Let’s not forget why this is important. There are three reasons: 1) sugar is likely addictive or at least seems to shape our behavior in that we want to eat more of it; 2) sugar packs more calories into smaller amounts of food, which leads us to eat more mass to fill our stomachs; and 3) sugar is quickly absorbed into our system, but doesn’t have a long-lasting effect, meaning we want to eat again sooner than we should. Just think of those tiny pastries at the Starbucks counter. Their sweet and sticky and pack 500 calories in a little square. They taste good going down, but you’ll be hungry again in an hour after eating them. This is what I would call the “snack trap.” You’ve “snacked” rather than eaten a meal. You likely didn’t get what you needed and you’ll be hungry again in an hour. Boo!

This feels like one of those things that could make you throw up your hands and say, ‘there’s just no way.’ But there are some things that we can do to keep this in our conscious awareness and hopefully make a dent into the sugars that are hiding in our food. I can at least offer five things I learned that we could all practice in our shopping and food choices.
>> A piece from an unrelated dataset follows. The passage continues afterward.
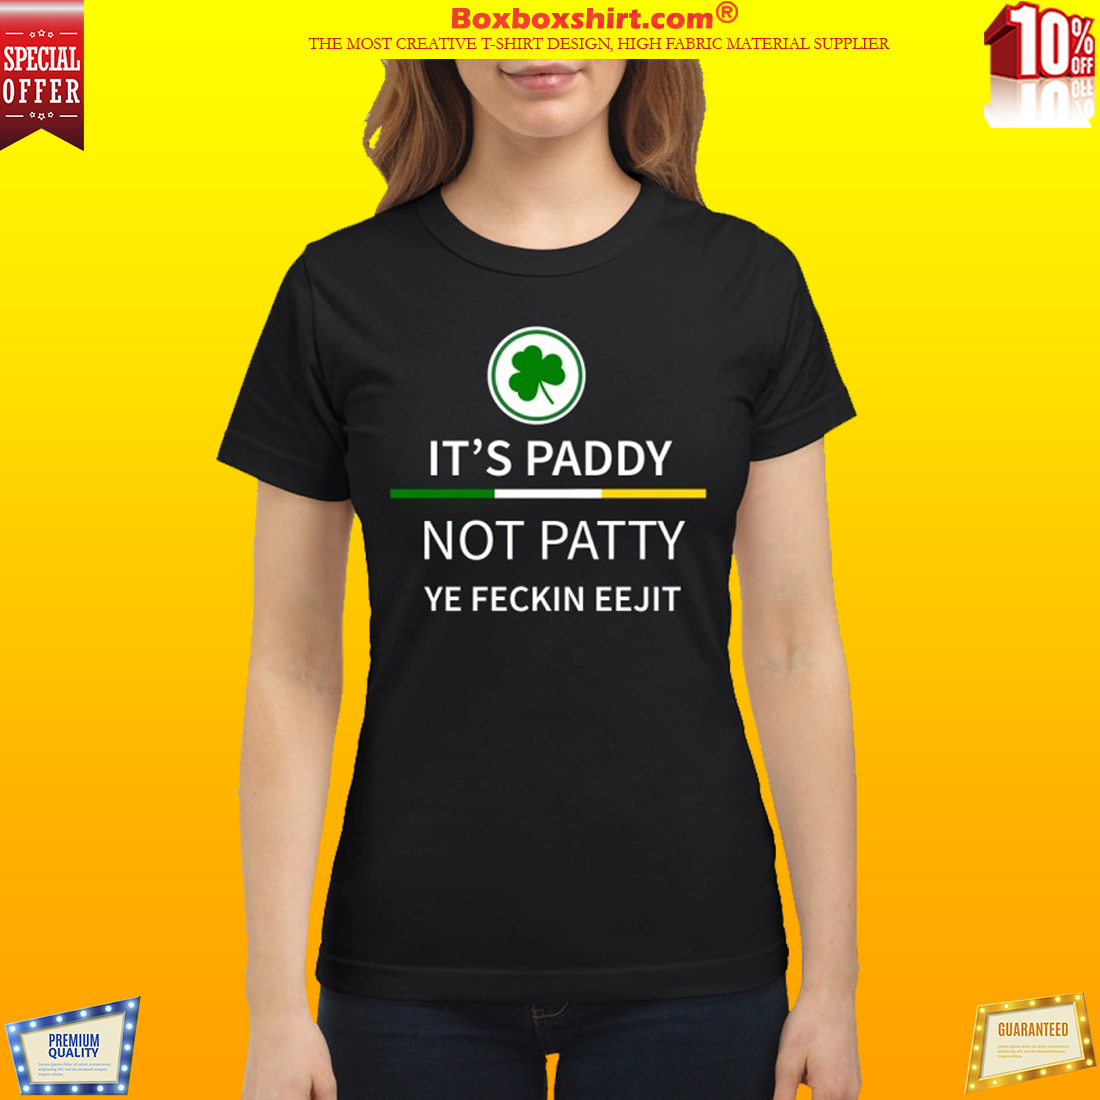 It's paddy not patty ye feckin eejit classic shirt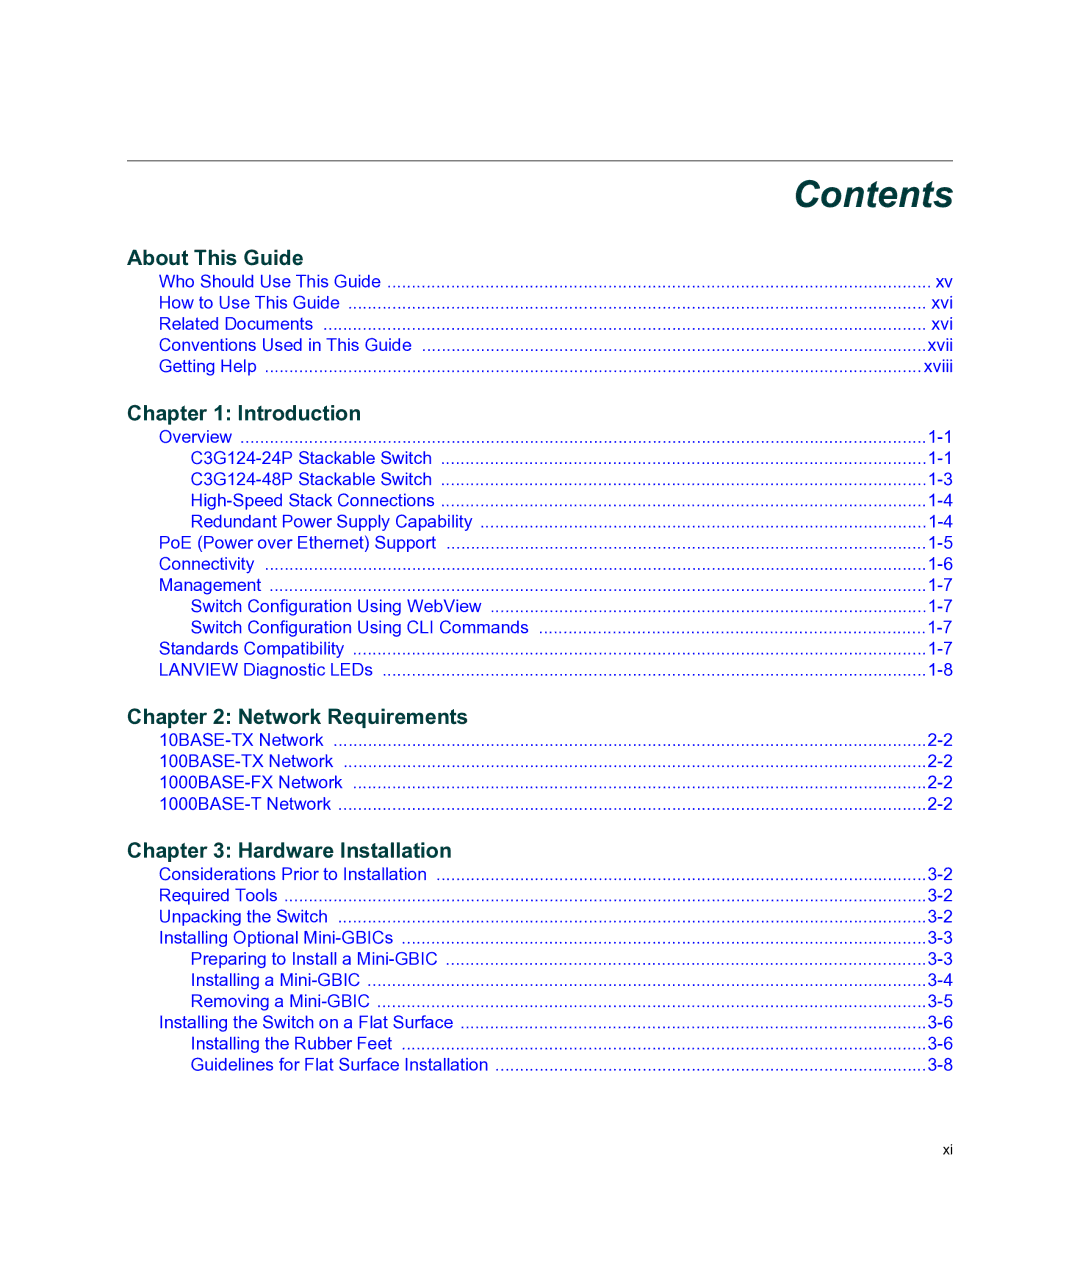 Enterasys Networks C3G124-24P, C3G124-48P manual Contents

1) Read the ingredients and ignore the marketing — There’s so much distraction happening on food packaging that is can be hard to spot the healthy foods from the pretenders. I was browsing the bread aisle and I picked up one of the healthiest looking breads last week. It said “100% Whole Wheat” on the front and then in big read letters said, “No High-Fructose Corn Syrup!” The second ingredient in the bread was sugar and it had the most sugar of any that I looked at that day. While the marketing claim was true, the statement was misleading in that it implies that the product has less sugar in it. In fact, it had more sugar than most of the breads, they just didn’t use high-fructose corn syrup. Turn the package around and make your choice from the ingredients list.